For adding new GTK widgets with functionality you mostly have to touch the
following files:
* [builder.xml](./../data/Gtk/builder.xml): this defines the main GUI widgets which are static, use the [glade editor](http://glade.gnome.org) to add stuff
* [HSFM.GUI.Gtk.Data](./../src/HSFM/GUI/Gtk/Data.hs): add the widget to e.g. the MyGUI type so we can access it throughout the GTK call stack
* [HSFM.GUI.Gtk.MyGUI](./../src/HSFM/GUI/Gtk/MyGUI.hs): add initializers for the GUI buttons to be fetched from the GTK builder.xml file
* [HSFM.GUI.Gtk.Callbacks](./../src/HSFM/GUI/Gtk/Callbacks.hs): define the callbacks and the actual functionality here
## Concepts
### Path safety
Paths are usually represented in haskell libraries as `type FilePath = String`.
This is bad, because of a number of reasons:
* encoding issues, since the low-level representation of filepaths is in fact an array of C chars
* weak typing... we could pass arbitrary invalid/malicious filepaths or other random strings
* no information about any property at type level (e.g. is it an absolute path?)

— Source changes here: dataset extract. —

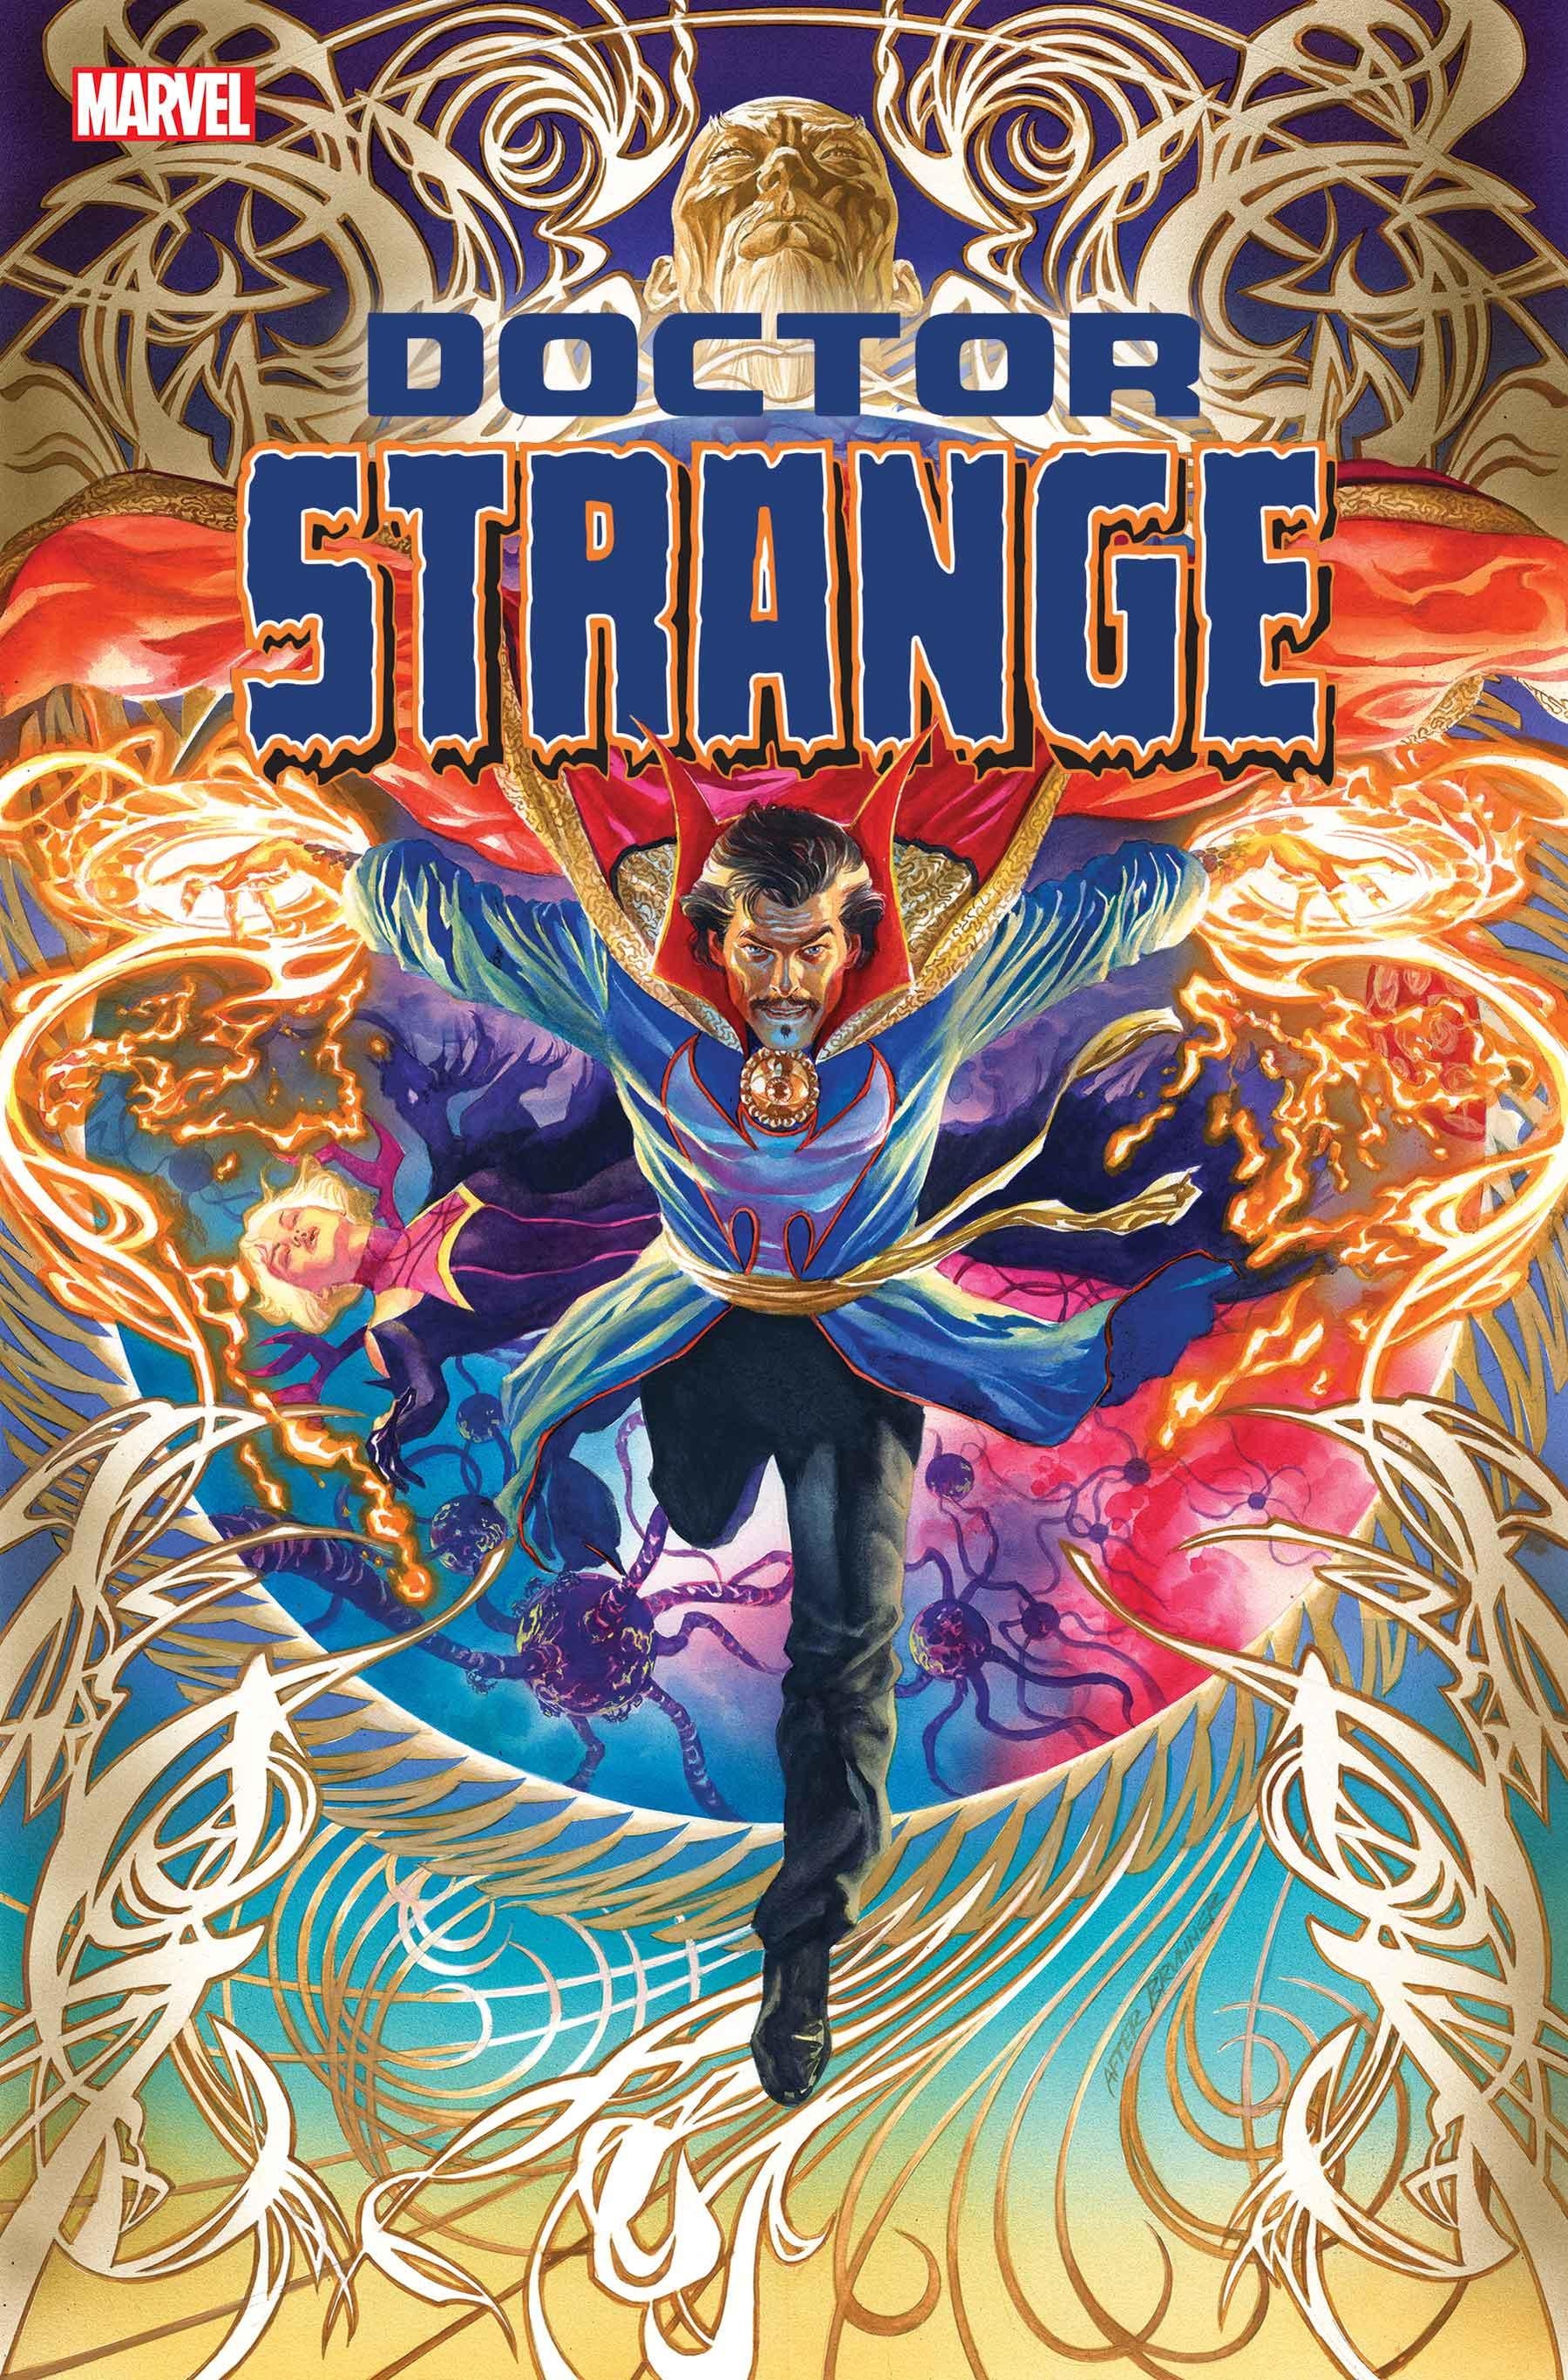 Marvel Announces New Doctor Strange Series

* no filepath constructors that do sanity checks and proper parsing
* no guarantee whether the filepath is normalised or not or even valid
Because of that, the solution is:
* use `ByteString` under the hood
* wrap it inside `Path t` where `t` can be either `Abs` (for absolute), `Rel` (for relative) or `Fn` (for filename)
* construct filepaths via smart constructors only that reject certain paths (like `.` or `..`) and normalise the path
This leads to the following benefits:
* we have guarantees about whether a path is absolute or not, which is important for runtime safety in general, predictable behavior and thread safety
* we don't mess with the filepath representation we get from low-level posix functions, so encoding issues are pretty much out
* we can reason about filepaths and rely on them to be valid (don't confuse that with "they exist")

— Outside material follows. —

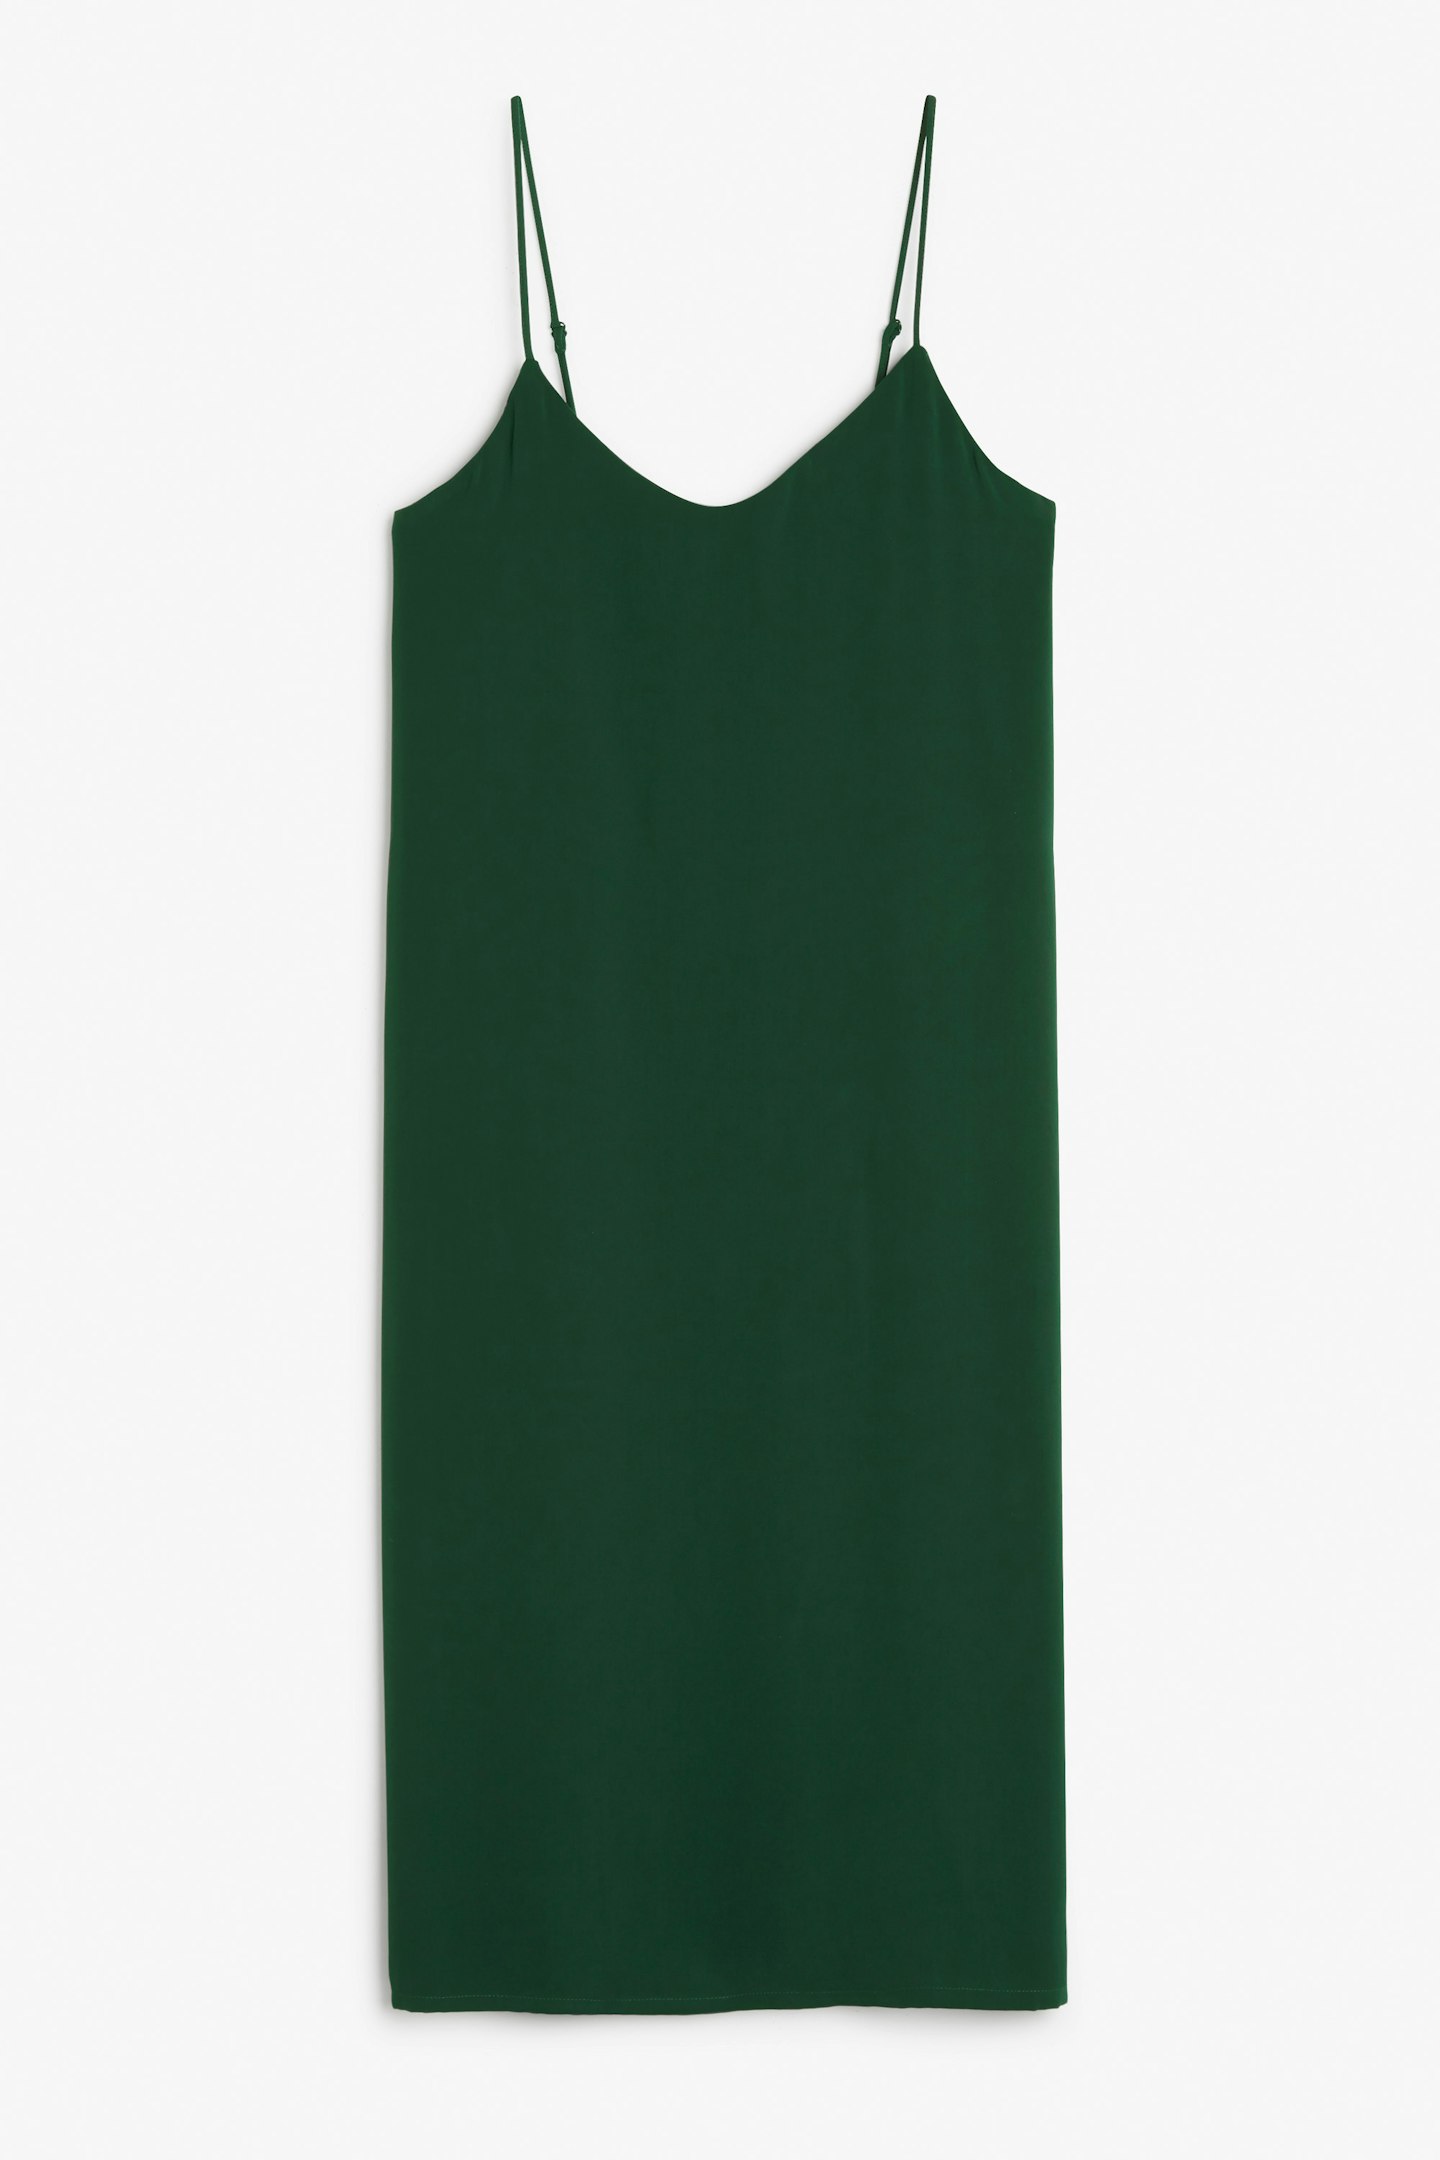 Monki Slip Dress, £30

* filepath functions like `(</>)` are now predictable and safe in contrast to the version from the `filepath` package
The [hpath](https://hackage.haskell.org/package/hpath) library does exactly that for us.
The only problem with this approach is that most libraries are still String
based. Some provide dedicated `Foo.ByteString` modules though, but it
might be necessary to fork libraries.
We also need to keep track of the [Abstract FilePath proposal](https://ghc.haskell.org/trac/ghc/wiki/Proposal/AbstractFilePath).
Almost all paths in HSFM are only allowed to be absolute (`Path Abs`), unless
they are filenames (`Path Fn`) and processed for GUI purposes. This is as
already mentioned for the purpose of runtime safety, predictability and
thread safety.
### File IO safety
This is a pretty difficult problem. One thing to ensure safety on IO level
is simply the strong haskell type system, since we push everything
into our `File a` type and can then pattern match easily against the different
types of files.
The only problem with this approach is that we are examining a file at point
`a` in time, safe the information and then use that information further down
the call stack at point `b` in time, when the file information in memory
could already be out of date. There are two approaches to make this less
sucky:
* use the hinotify library on GUI level to refresh the view (and the File representation in memory) whenever the contents of a directory changes
* when we stuff something into the copy buffer, it is not saved as type `File a`, but as `Path Abs`... when the operation is finalized then the file at the given path is read and the copy/move/whatnot function carried out immediately
In addition, we don't use the `directory` package, which is dangerous
and broken. Instead, we use the [HPath.IO](https://hackage.haskell.org/package/hpath/docs/HPath-IO.html).
### Exception handling
Exceptions are good. We don't want to wrap everything in Maybe/Either types
unless we want to handle failure immediately. Otherwise we need to make
sure that at least at some point IOExceptions are caught and visualized
to the user. This is often done via e.g. `withErrorDialog` which catches
`IOException` and [HPathIOException](https://hackage.haskell.org/package/hpath/docs/HPath-IO-Errors.html#t:HPathIOException).
It's also important to clean up stuff like filedescriptors via
functions like `bracket` directly in our low-level code in case
something goes wrong.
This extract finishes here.